Once the dataset is ready, we use a machine learning algorithm to look for correlations between address data and the prevalence of fires. We can use that same machine learning algorithm to assign a fire risk score to parcels in 2019 based on what happened at that parcel in 2017 and 2018. Finally, the fire risk score generated for 2019 can be compared to what actually occurred in 2019 to see how well the algorithm performed. 
Below are three tables to help visualize how the data and results are compiled. The fire risk dataset shows the aggregated data including the 2019 fire indicator and the number of non-fire codes from 2017 and 2018 at a single address. The fire incident dataset shows the recorded 2019 fire incident (19-020101), and the bottom table shows 2017 and 2018 non-fire codes at that same address. As you can see there were 2 743-codes, 6 745-codes, and 1 651-code.
Fire Risk Dataset
Fire Incidents Dataset


Below you'll see a first look at how well the algorithm did assigning a 2019 risk score to addresses based on data from 2017 and 2018. The 0 and 1 along the x-axis is the fire indicator for 2019. 0 means no fire event occurred at the address in 2019 and a 1 means a fire did occur. The y-axis is the average fire risk score given to properties based on the 2017 and 2018 data. 

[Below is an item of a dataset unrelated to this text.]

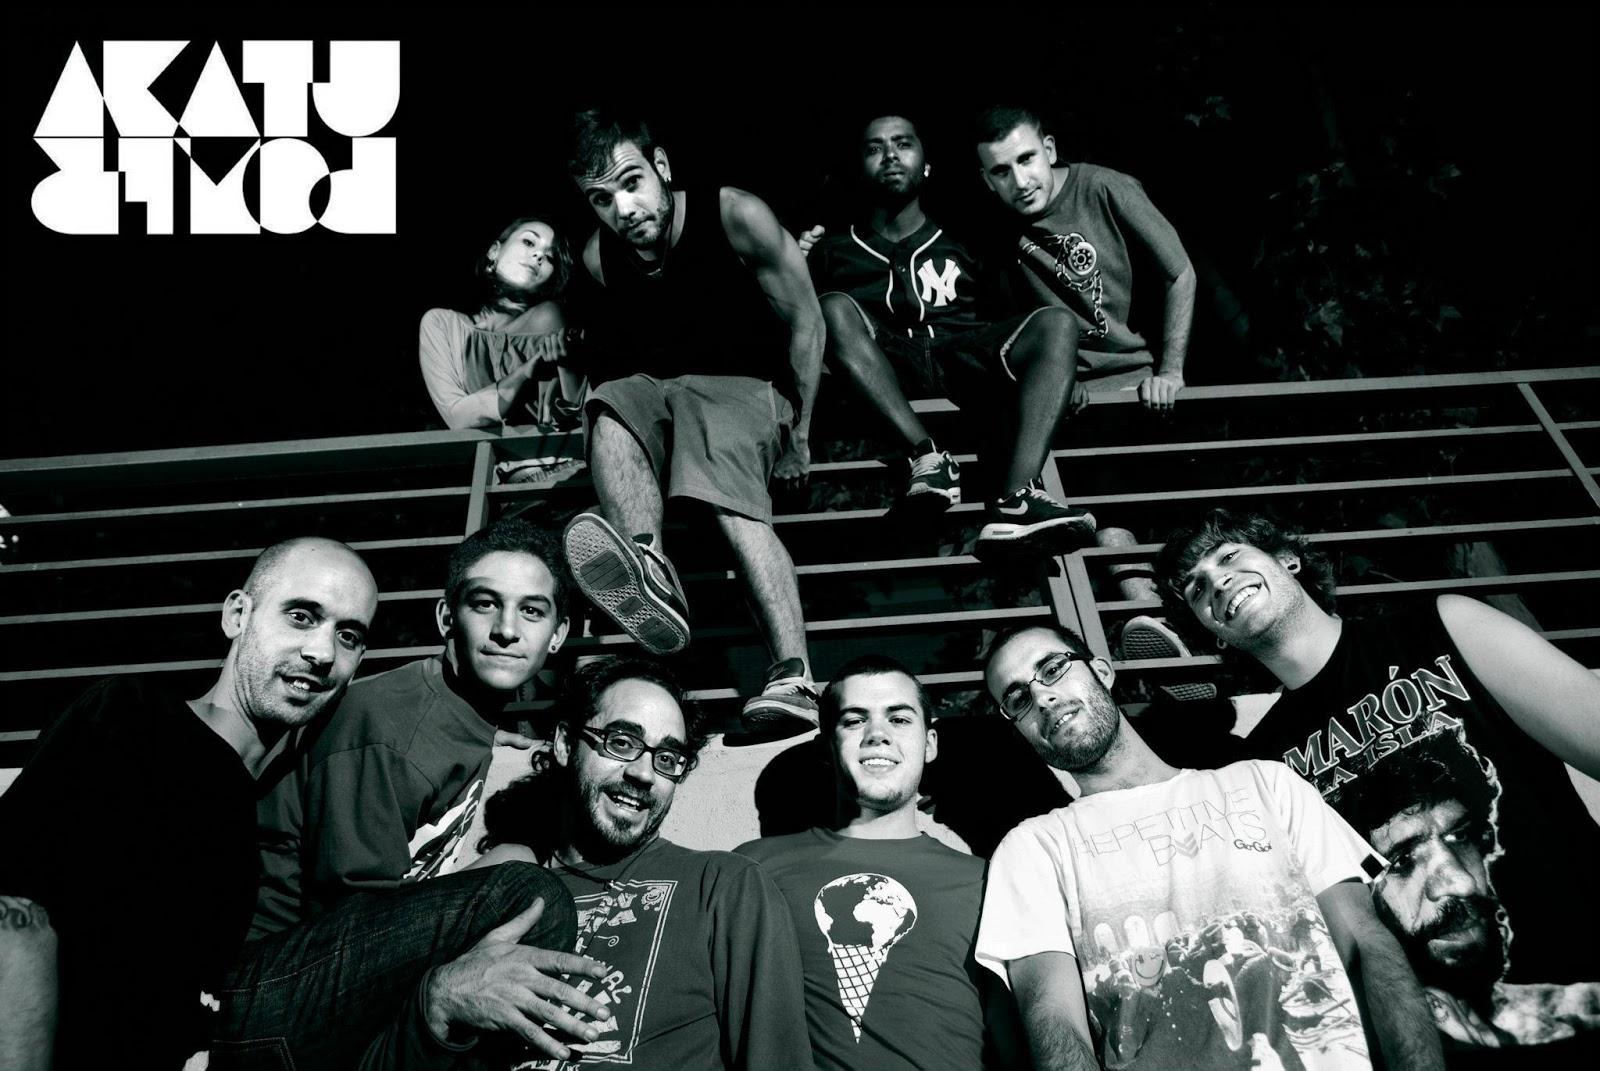 grupo de musica ska:

Our algorithm fire risk score is about 4.5 times higher to properties that had a 2019 fire than those that did not. This is evidence that the algorithm is picking up on some pattern that exists between address information and the prevalence of fires.
In other words, the algorithm does not know which parcels had fires in 2019. Instead, it is using the set of indicators discussed above to determine the fire risk score for each parcel. The way we checked to see if those indicators were actually helpful at predicting fire risk was by comparing the average risk score that the algorithm put out for parcels where fires did later happen to those where they did not later happen. The average risk score is significantly higher for parcels where fires did indeed happen. So those parcels show up as much higher risk, and they are also the parcels that saw most actual fires. 

Here's another way to test the results. For this visual, properties are placed into different risk categories based on their fire risk score and the following rules.

  • Fire risk score from 0 to 0.24 = Low
  • Fire risk score from 0.25 to 0.49 = Med Low
  • Fire risk score from 0.5 to 0.74  = Med High
  • Fire risk score from 0.75 to 1 = High
The number of fires occurring at properties in a category (red) are then shown as a percentage of the total number of properties in that category.
As you can see, out of the 133 properties in the highest risk score category, about 1 in 5 experienced a fire in 2019. 

Making Use of The Model

Now we know the model is able to create a decent correlation between property indicators and real world fires. How does that compare to inspections the fire department is currently conducting?  Is there any existing agreement between the model and CFD?
Turns out there is. The graph below once again breaks properties into four categories based on their fire risk score. Categories are then grouped based on how recently an inspection was conducted. The black color indicates no inspection was found for this property in the inspections data.
The results show that more inspections are already being conducted on properties that are at a higher fire risk according to the model.